Real influence translates into sales figures. That is all.


Are Chinese Stars The Most Bankable Assets For Luxury Labels?
Fashion January 2nd, 2019

Celebrity power in China translates to high visibility and sales, and luxury fashion houses are scrambling for the country’s biggest stars to front campaigns. British fashion house Burberry announced the new faces of their upcoming Chinese New Year campaign — A-listers Zhao Wei and Zhou Dongyu. The ad campaign, to be revealed on January 3 across all Burberry channels, is expected to rack in astronomical views on Chinese social media platforms.

Zhou Dongyu and Zhao Wei are Burberry’s new stars for its upcoming Chinese New Year campaign.  Photo Courtesy of Burberry 

Cash-rich Chinese millennials are no longer compelled by Western faces. Fuelled by national pride and a decidedly Asian aesthetic, they want someone relatable in terms of upbringing, Asian values and physical appearance. China-born model-actress Angelababy is the face of Dior, while Chinese leading actress Yang Mi fronts Michael Kors.

A Golden Horse Best Actress winner with a likeable persona, Zhou fit the bill to be Burberry‘s first female ambassador in Asia last October. Zhou followed in the footsteps of fellow Chinese celebrity Kris Wu, who was appointed as Burberry’s first Chinese ambassador in China.

The bankable pair didn’t share Burberry promotional duties for long. Wu is now the property of Louis Vuitton. He inked the lucrative deal with the French fashion house late last year.
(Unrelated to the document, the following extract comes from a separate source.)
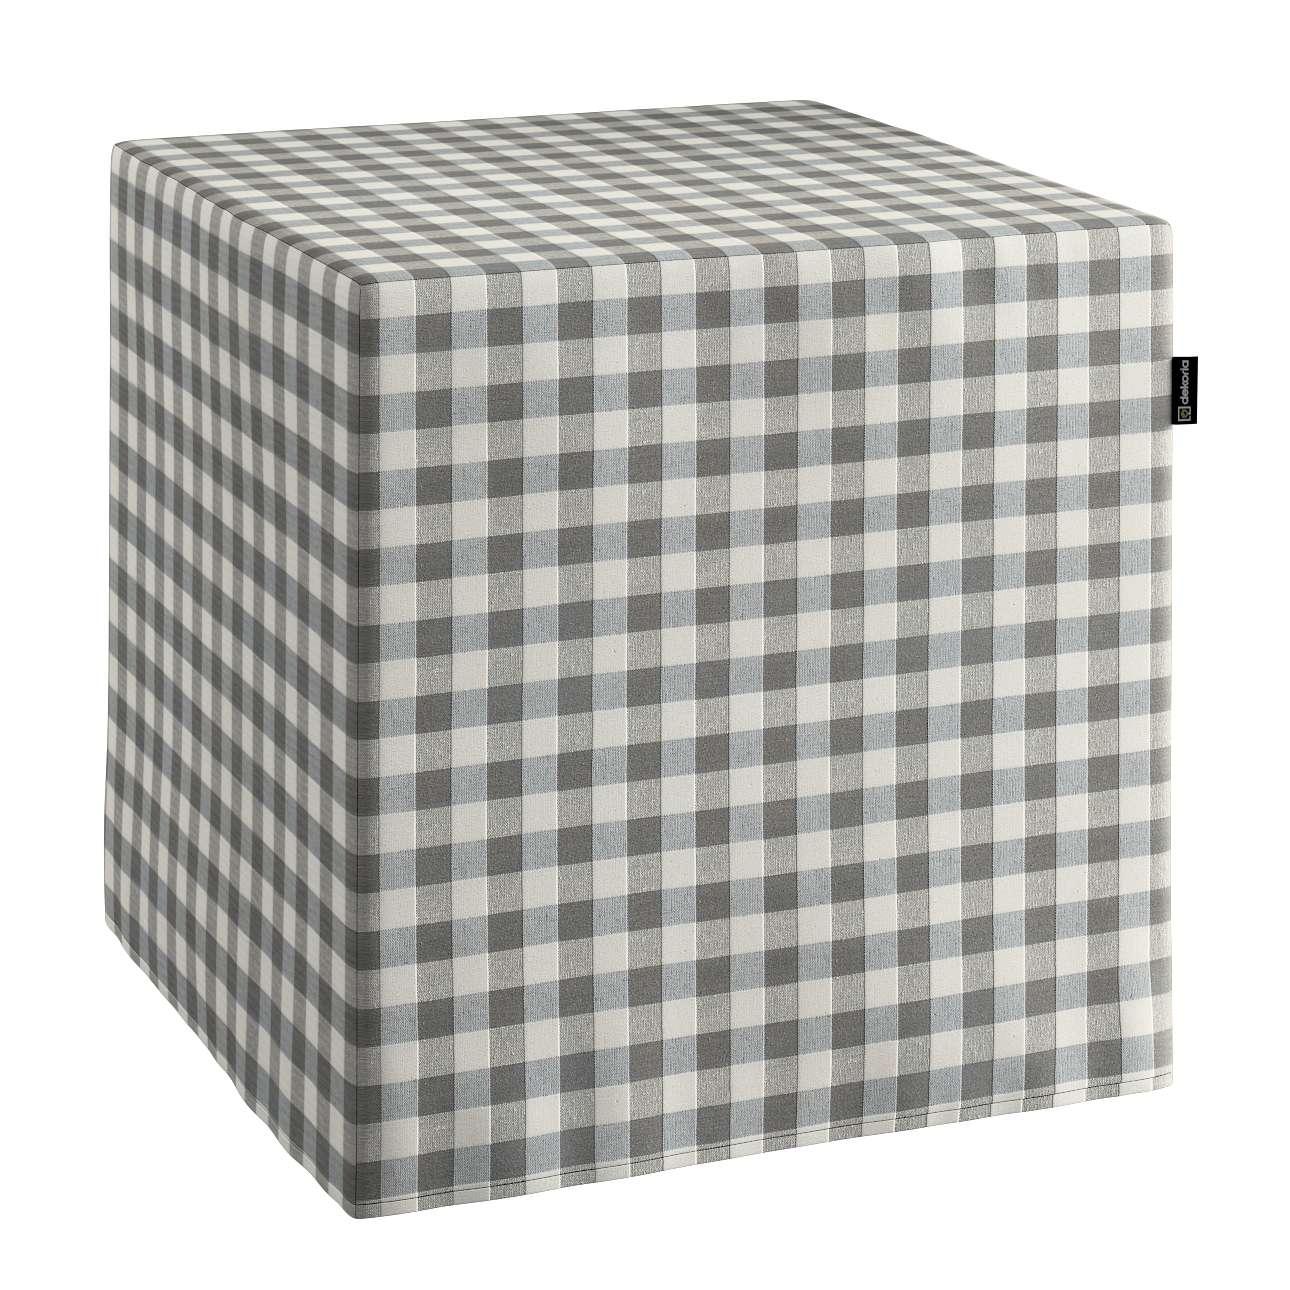 Harter Sitzwürfel, grau-ecru , 40 x 40 x 40 cm, Quadro | Wohnzimmer > Hocker & Poufs > Sitzwürfel | Dekoria

Wu is the classic case study of China celebrity power in retail. A former K-pop boybander, the China-based solo artist commands armies of diehard fans willing to splurge on his label of choice.

Chinese actor-singer Kris Wu is hot property among luxury brands, endorsing brands from Burberry to Louis Vuitton. Photo Courtesy of Universal Music 

Hoards of fans queued for hours ahead of Burberry’s show in London Fashion Week last year. Analysts at Barclays reported that Wu’s Burberry ad campaign boosted sales as well as brand awareness in China. An Alibaba Research Institute report found more than 4.5 million users daily search for products worn and used by Chinese celebrities on the Taobao e-commerce site.

Critics have thrown shade at Wu, saying the young upstart — whose perpetual frown, fey looks and lanky frame are commonplace in China — is undeserving as the face of the storied Parisian brand. These critics are clearly unaware that the proof is in the sales ledgers.